Ein Sachleistungsanspruch ergibt sich auch nicht aus § 33 Abs. 1 S. 1 SGB V. Nach dieser Regelung haben Versicherte Anspruch auf Versorgung mit Hilfsmitteln, die im Einzelfall erforderlich sind, um den Erfolg der Krankenbehandlung zu sichern, einer drohenden Behinderung vorzubeugen oder eine Behinderung auszugleichen, soweit die Hilfsmittel nicht als allgemeine Gebrauchsgegenstände des täglichen Lebens anzusehen oder nach § 34 SGB V ausgeschlossen sind. Eine Kopforthese ist ein Hilfsmittel im Sinne des § 33 Abs. 1 S. 1 SGB V. Sie ist jedoch untrennbar mit der Helmtherapie verbunden. Denn nur unter Berücksichtigung des eigenen theoretisch-wissenschaftlichen Konzeptes der Beeinflussung des Kopfwachstums durch eine gezielte Anwendung der Kopforthese und Anpassung derselben, kann es letztlich zum Einsatz der Kopforthese kommen. Soll ein Hilfsmittel im Rahmen der Krankenbehandlung (§ 27 Abs. 1 S. 2 Nr. 3 SGB V) deren "Erfolg sichern" (§ 33 Abs. 1 SGB V) ist seine Verwendung nicht von dem zu Grunde liegenden Behandlungskonzept und den dafür geltenden Anforderungen nach §§ 2 Abs. 1 S. 3, 12 Abs. 1 SGB V i. V. m. § 135 Abs. 1 SGB V zu trennen. Insoweit erfasst die Sperrwirkung des in § 135 Abs. 1 S. 1 SGB V begründeten Leistungsverbots mit Erlaubnisvorbehalt jegliche Maßnahme im Rahmen einer bei einem bestimmten Krankheitsbild systematisch angewandten "Methode" und demgemäß auch den Einsatz eines entsprechenden Hilfsmittels (vgl. BSG SozR 4-2500 § 139 Nr. 4).

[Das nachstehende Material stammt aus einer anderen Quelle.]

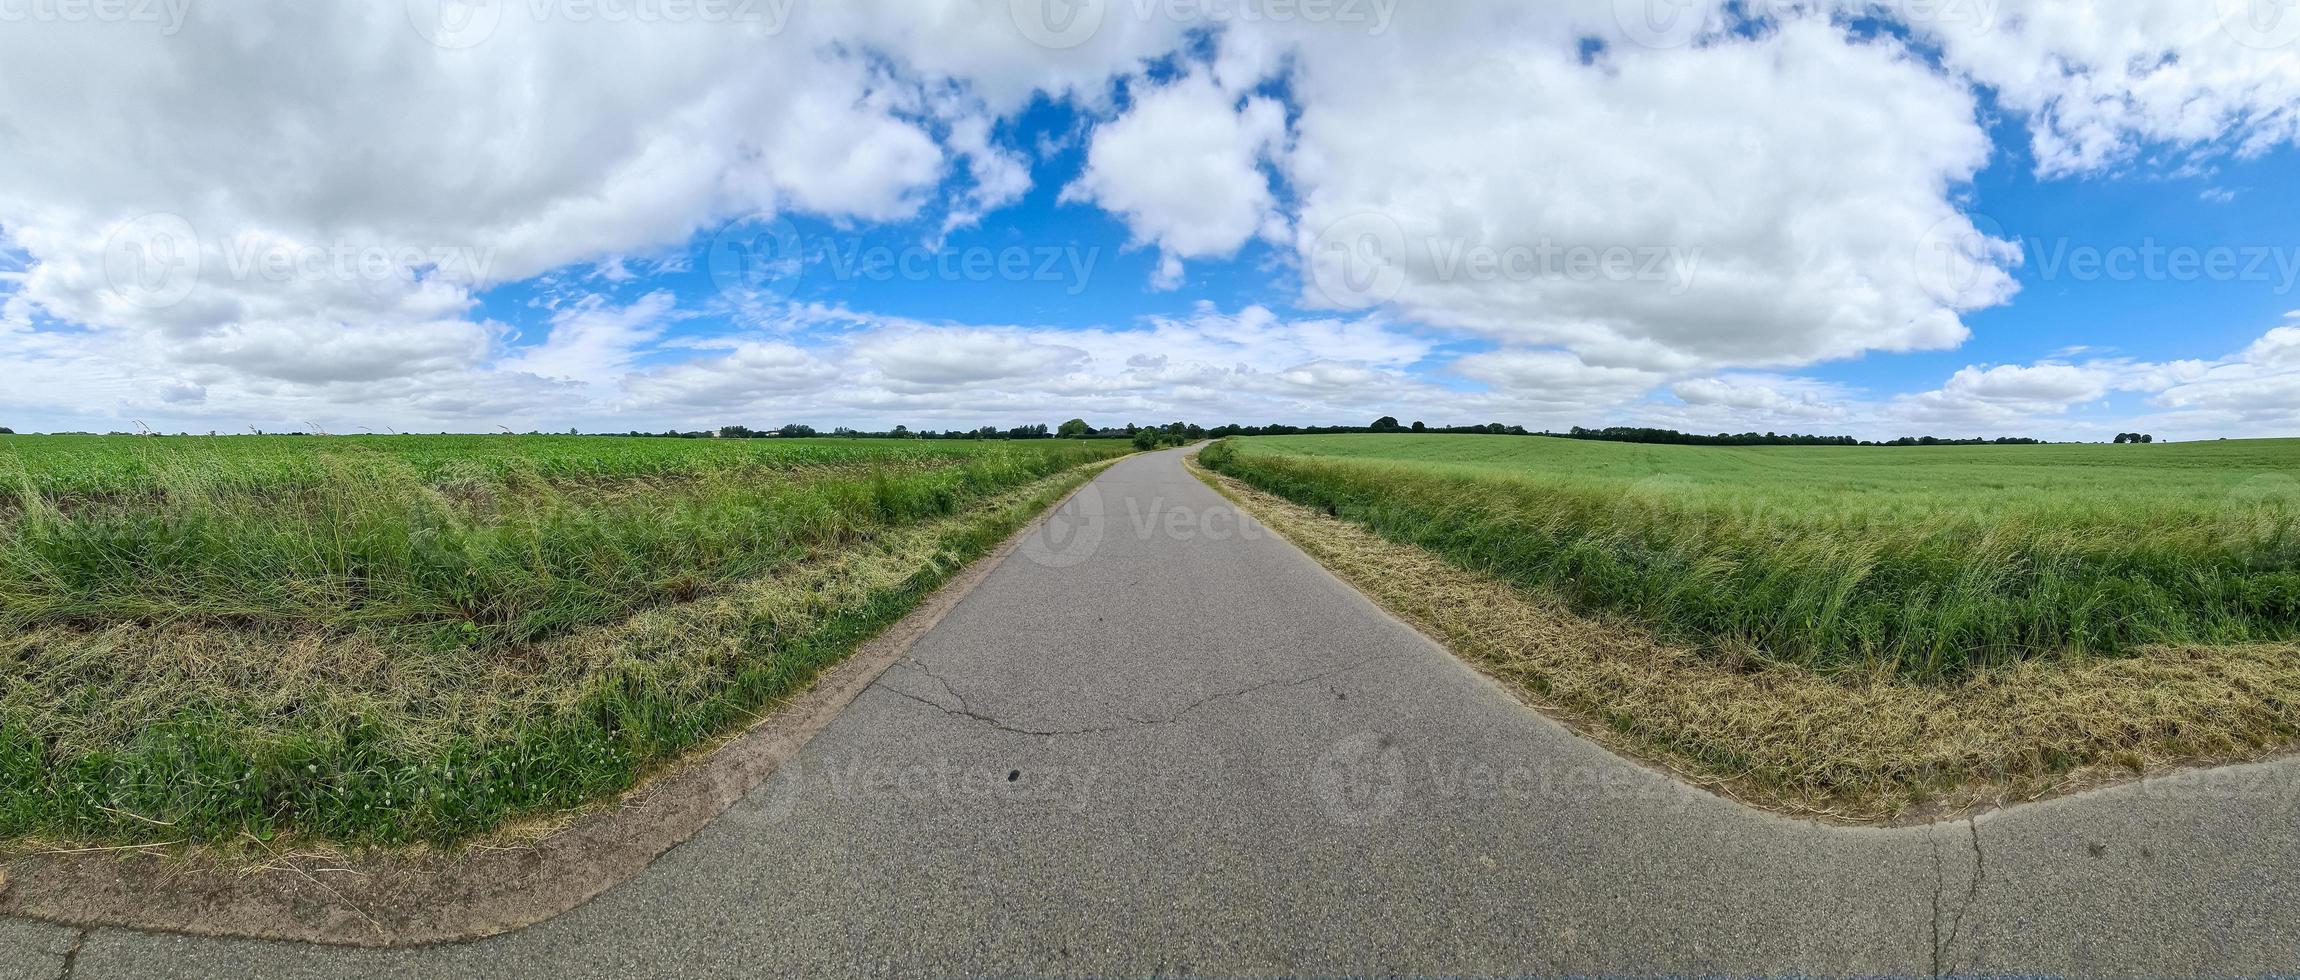 Panorama einer nordeuropäischen Landschaft mit Straßen, Feldern und grünem Gras. foto

Die Kammer schließt sich der überwiegenden Rechtsprechung an, wonach eine Kopforthesentherapie nicht zum Leistungskatalog der gesetzlichen Krankenversicherung gehört (vgl. Landessozialgericht Berlin-Brandenburg, Urteil vom 19.10.2012, L 1 KR 140/12; Landessozialgericht Nordrhein-Westfalen, Beschluss vom 09.05.2012, L 11 KR 14/12 B ER; Landessozialgericht Niedersachsen-Bremen, Urteil vom 25.01.2012, L 1 KR 342/10; Hessisches Landessozialgericht, Urteil vom 14.09.2011, L 1 KR 178/10; andere Auffassung: Sozialgericht Dresden, Urteil vom 08.06.2011, S 15 KR 286/10; alle zitiert nach www.juris.de).

Die Kostenentscheidung beruht auf § 193 SGG.